Гораздо существеннее для данного момента был вопрос тактический: всё тот же вопрос об отношении партии к выборам в (Булыгинскую) Думу и о плане деятельности членов партии в самой Думе. На меня был возложен доклад и по этой части работы съезда. Но здесь препятствия оказались непреодолимыми. Мой доклад был готов, когда развернулись события, создававшие каждый день совершенно новое положение. На первую очередь стал в эти дни вопрос об отношении партии к всеобщей забастовке. За три дня до появления манифеста 17 октября ходили лишь темные слухи, что на верхах готовится что-то важное. Съезду приходилось дважды отложить доклад о тактике - в ожидании разъяснений, а мне пришлось два раза его переделать. В ожидании пришлось ограничиться самыми общими фразами. Но вот, в последний день, уже к концу затянувшегося съезда, в зал вбежал запыхавшийся сотрудник дружественной газеты. Он потрясал смятым корректурным листком, на котором непросохшей типографской краской был напечатан текст манифеста 17 октября.
Этой беспримерной сенсации не ожидал никто из нас, - никто к ней не готовился.
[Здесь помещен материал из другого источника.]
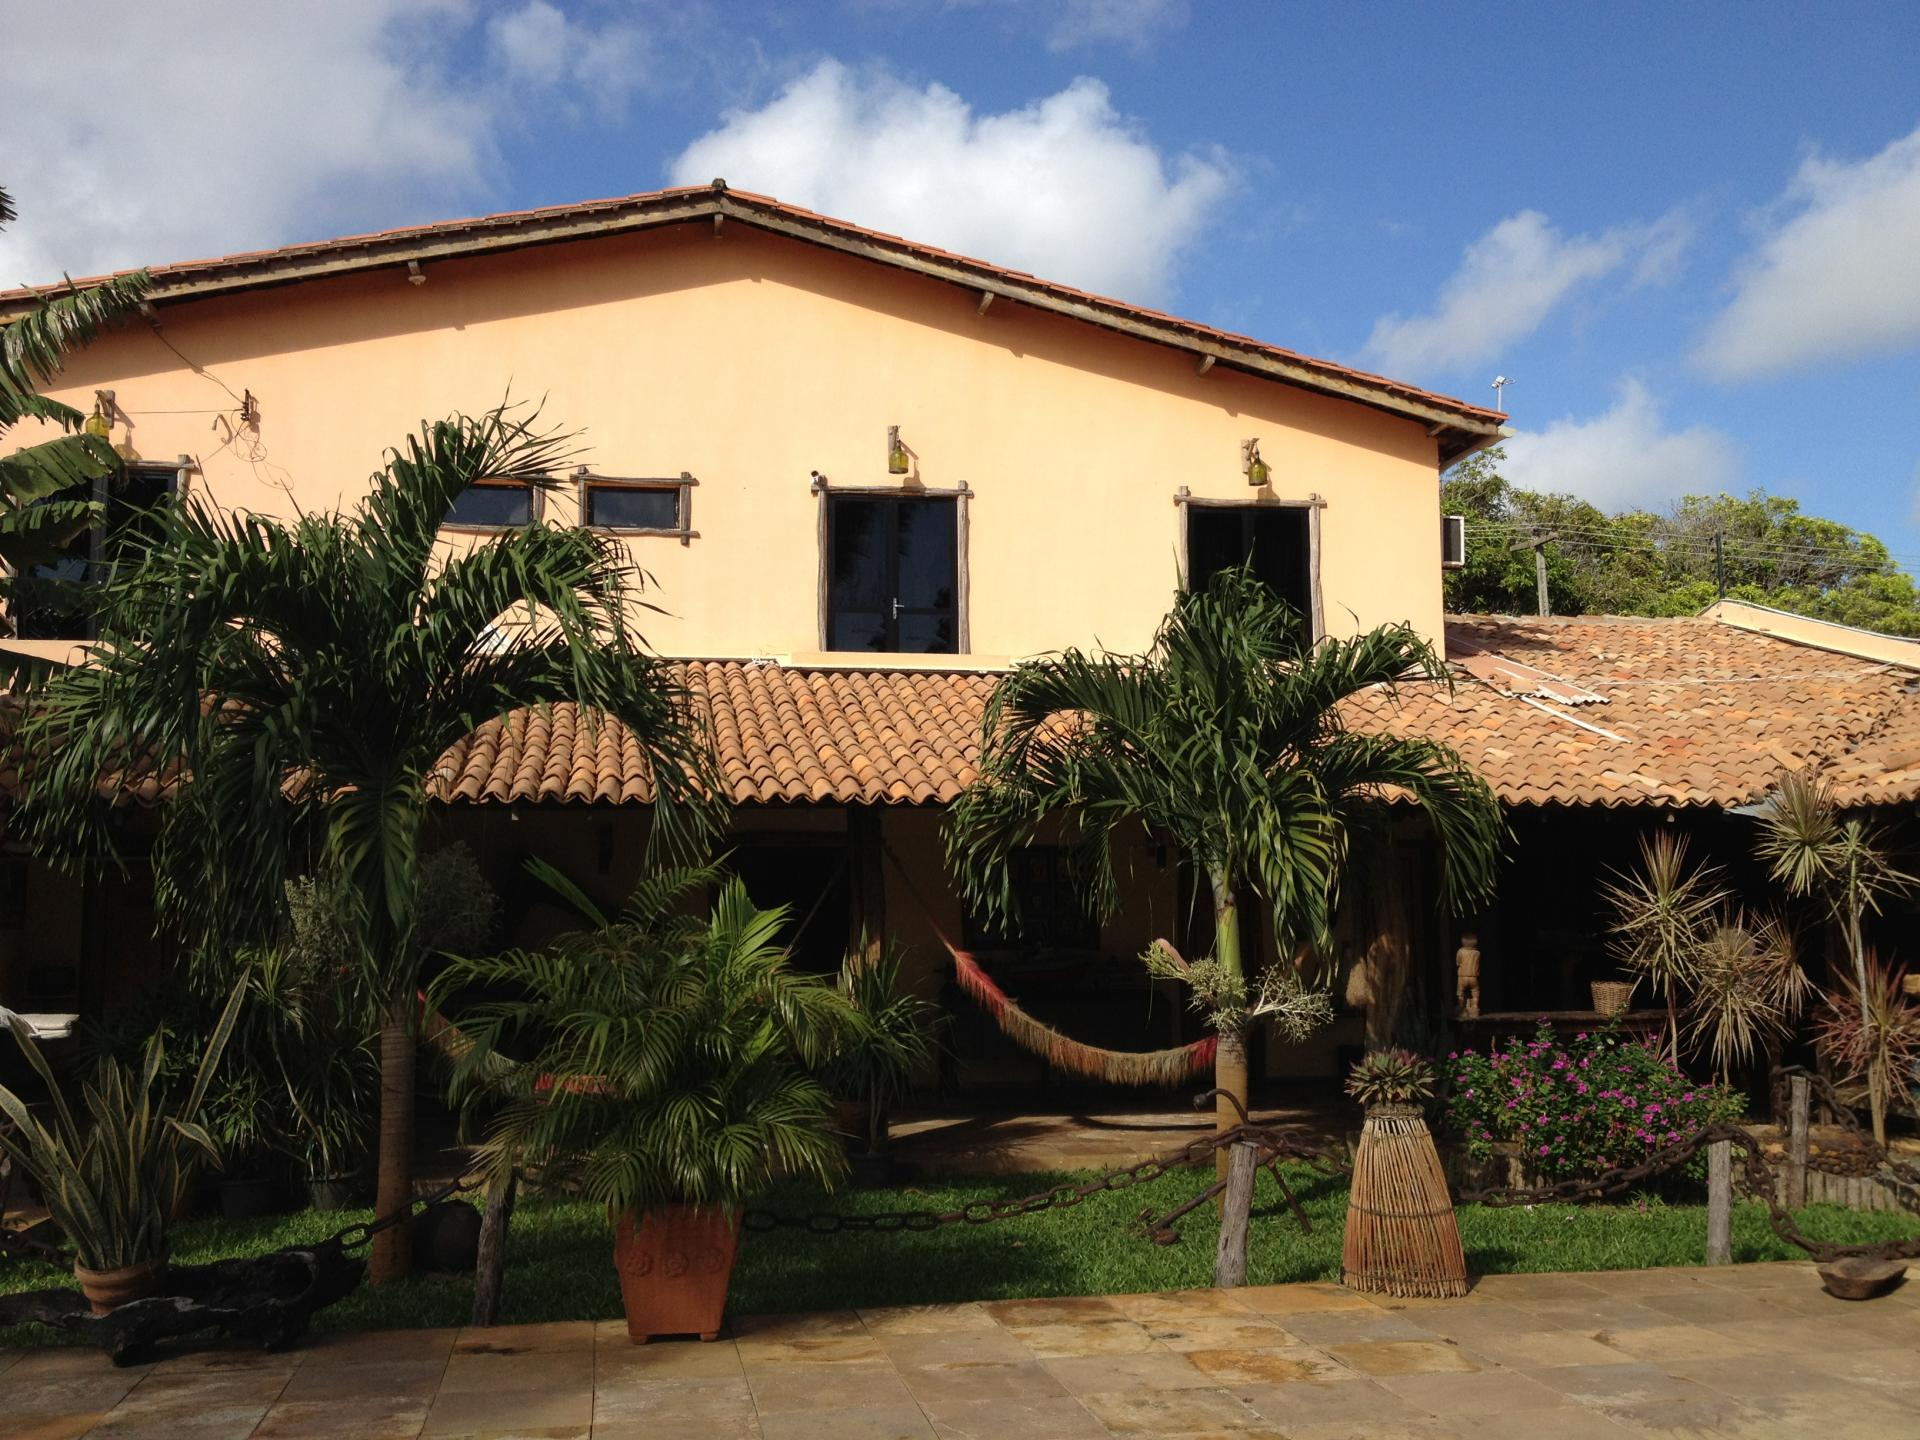 External view on the entrance area of Pousada Vila Parnaiba
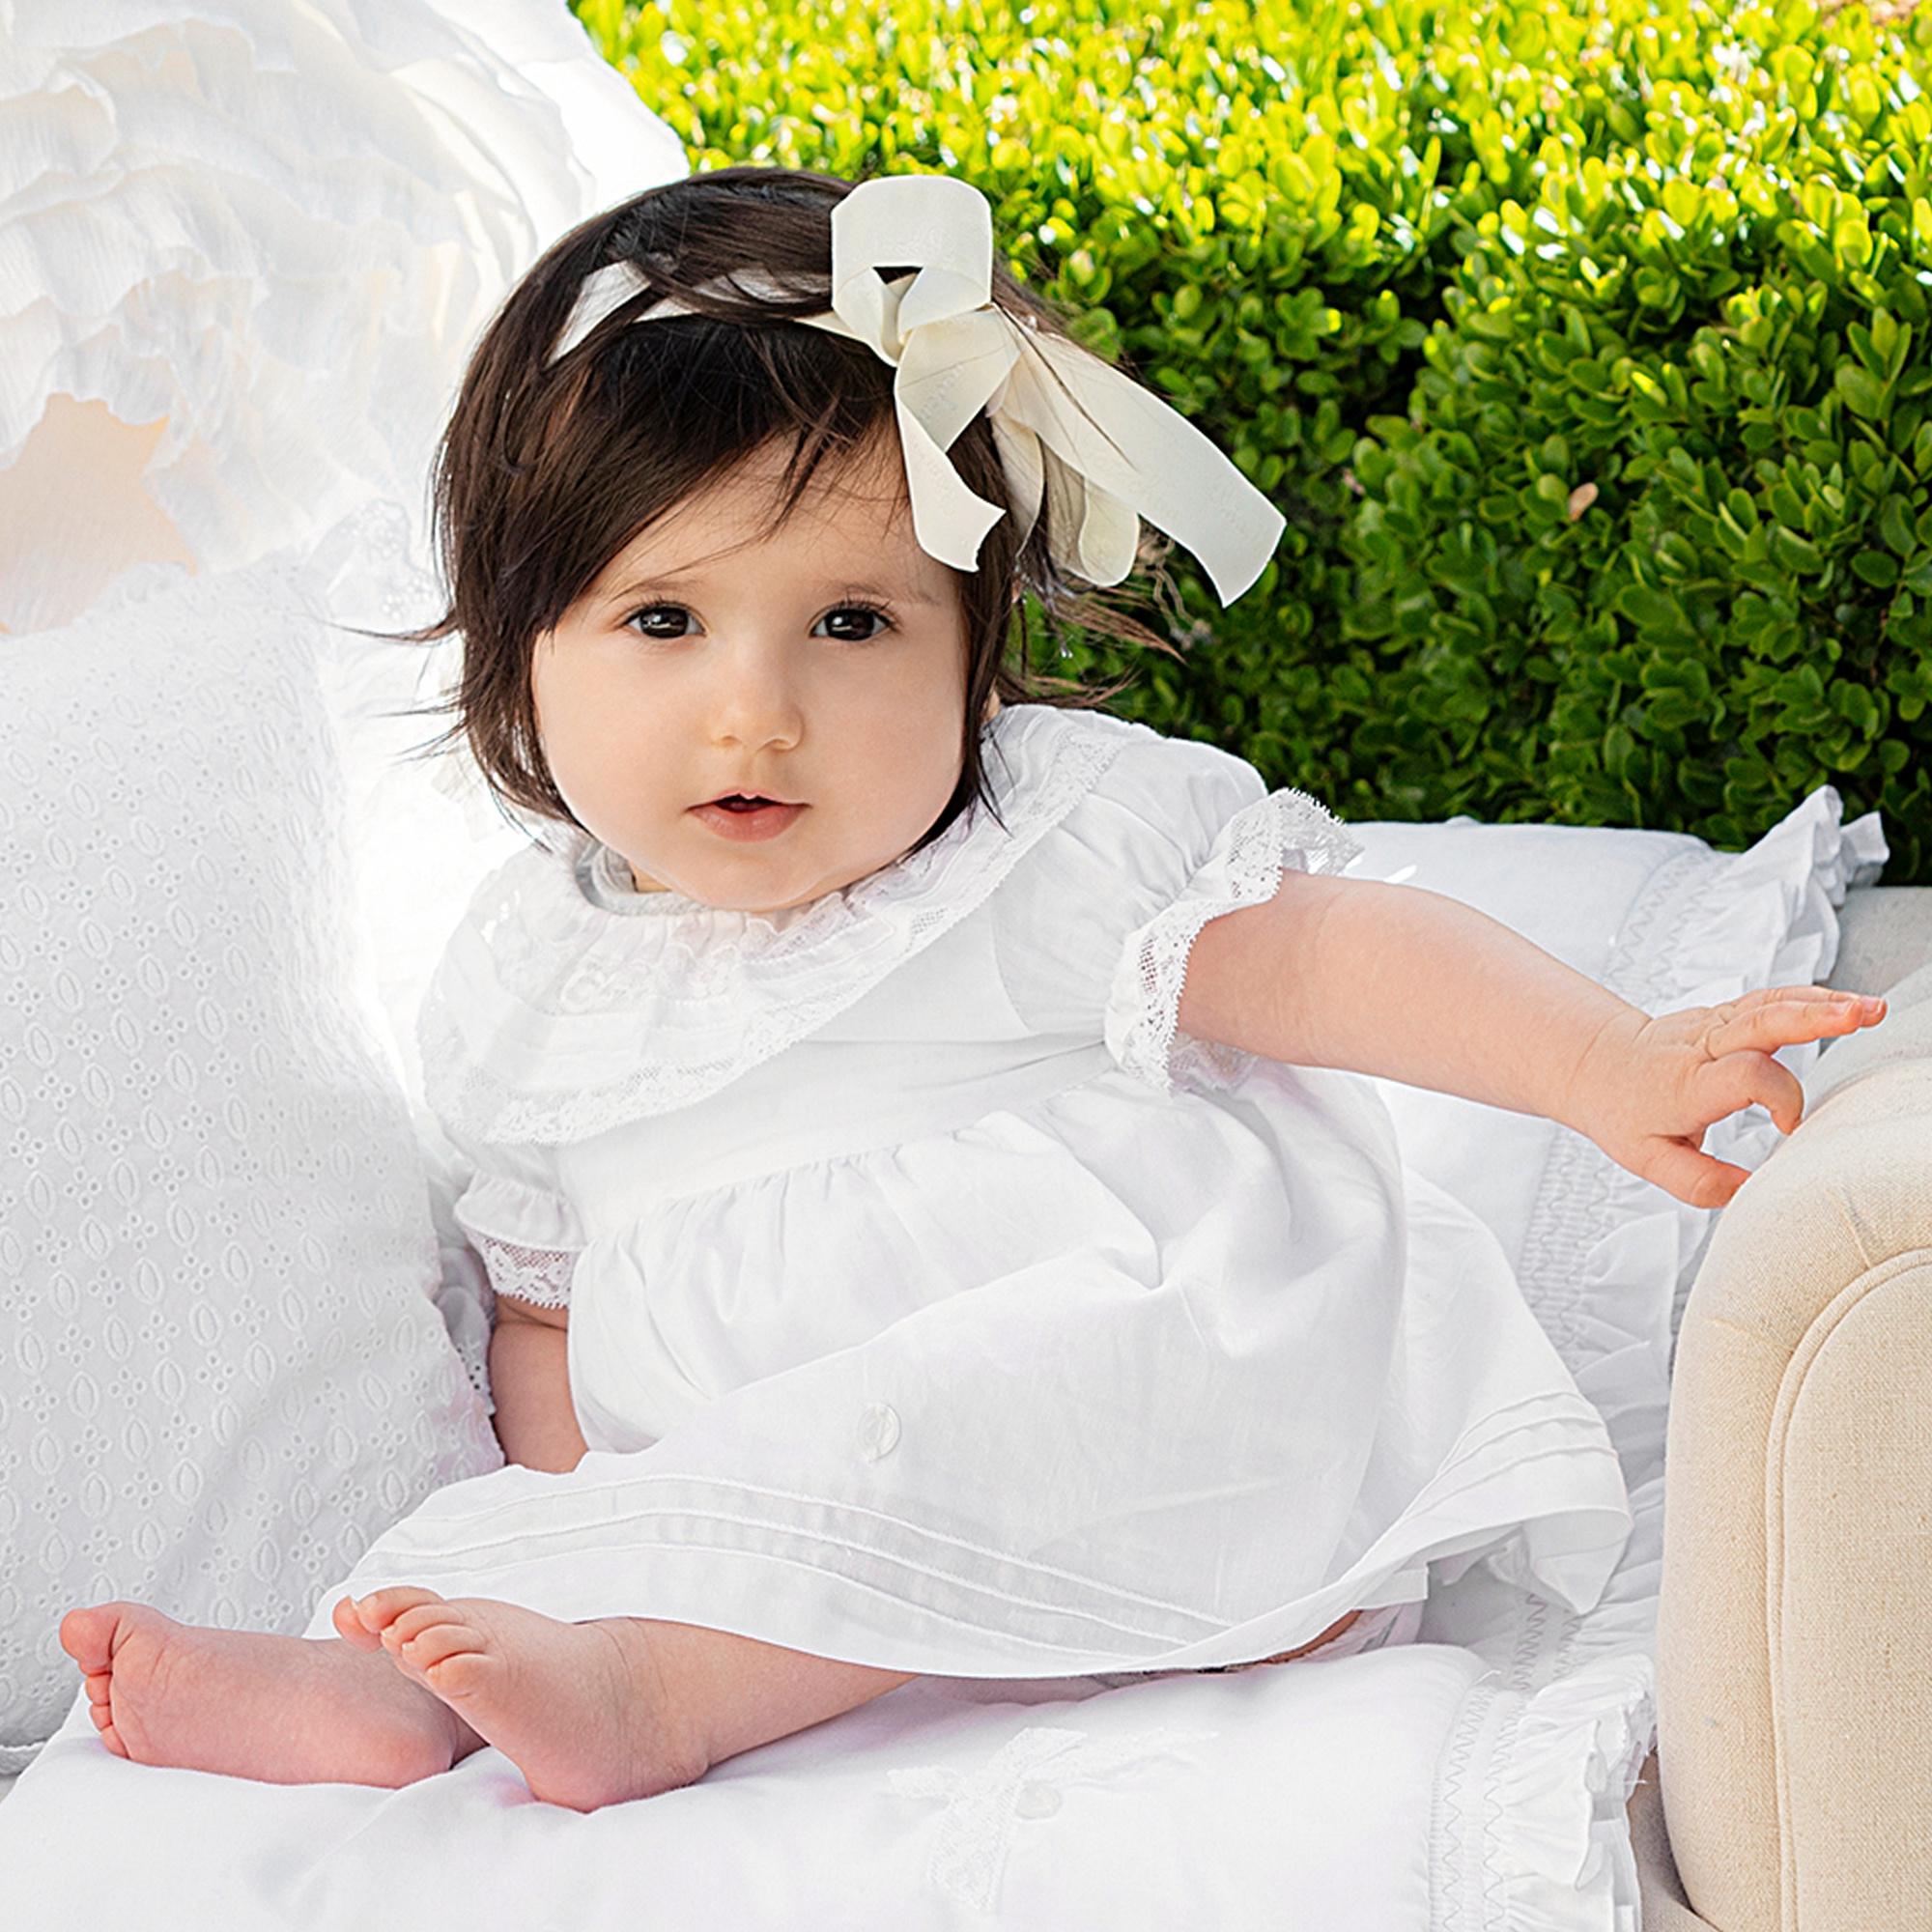 PATACHOU | Wit jurkje met prachtige kanten kraag-5

Само бюро впервые ознакомилось с содержанием манифеста при его прочтении на съезде. При нашем общем настроении этот текст производил смутное и неудовлетворительное впечатление.
В нем, с одной стороны, слышались слишком привычные выражения о "смутах и волнениях..., преисполнивших сердце царево тяжкой скорбью" и вызывающих, во имя "великого обета царского служения", "принятие мер к скорейшему прекращению опасной смуты". С другой стороны, этими "мерами" оказывались обещания, "для успешнейшего умиротворения", "даровать незыблемые основы действительной неприкосновенности личности" и "гражданской свободы". А {310} главное, мы услышали заветные слова: "никакой закон без одобрения Думы", "действительное участие в надзоре" за властями и даже - привлечение к выборам в Думу классов населения, "совсем лишенных избирательных прав" и, наконец, - правда, в перспективе, "дальнейшее развитие общего избирательного права вновь установленным (то есть через Думу?) законодательным порядком"! Что это такое? Новая хитрость и оттяжка, или, в самом деле, серьезные намерения? Верить или не верить?..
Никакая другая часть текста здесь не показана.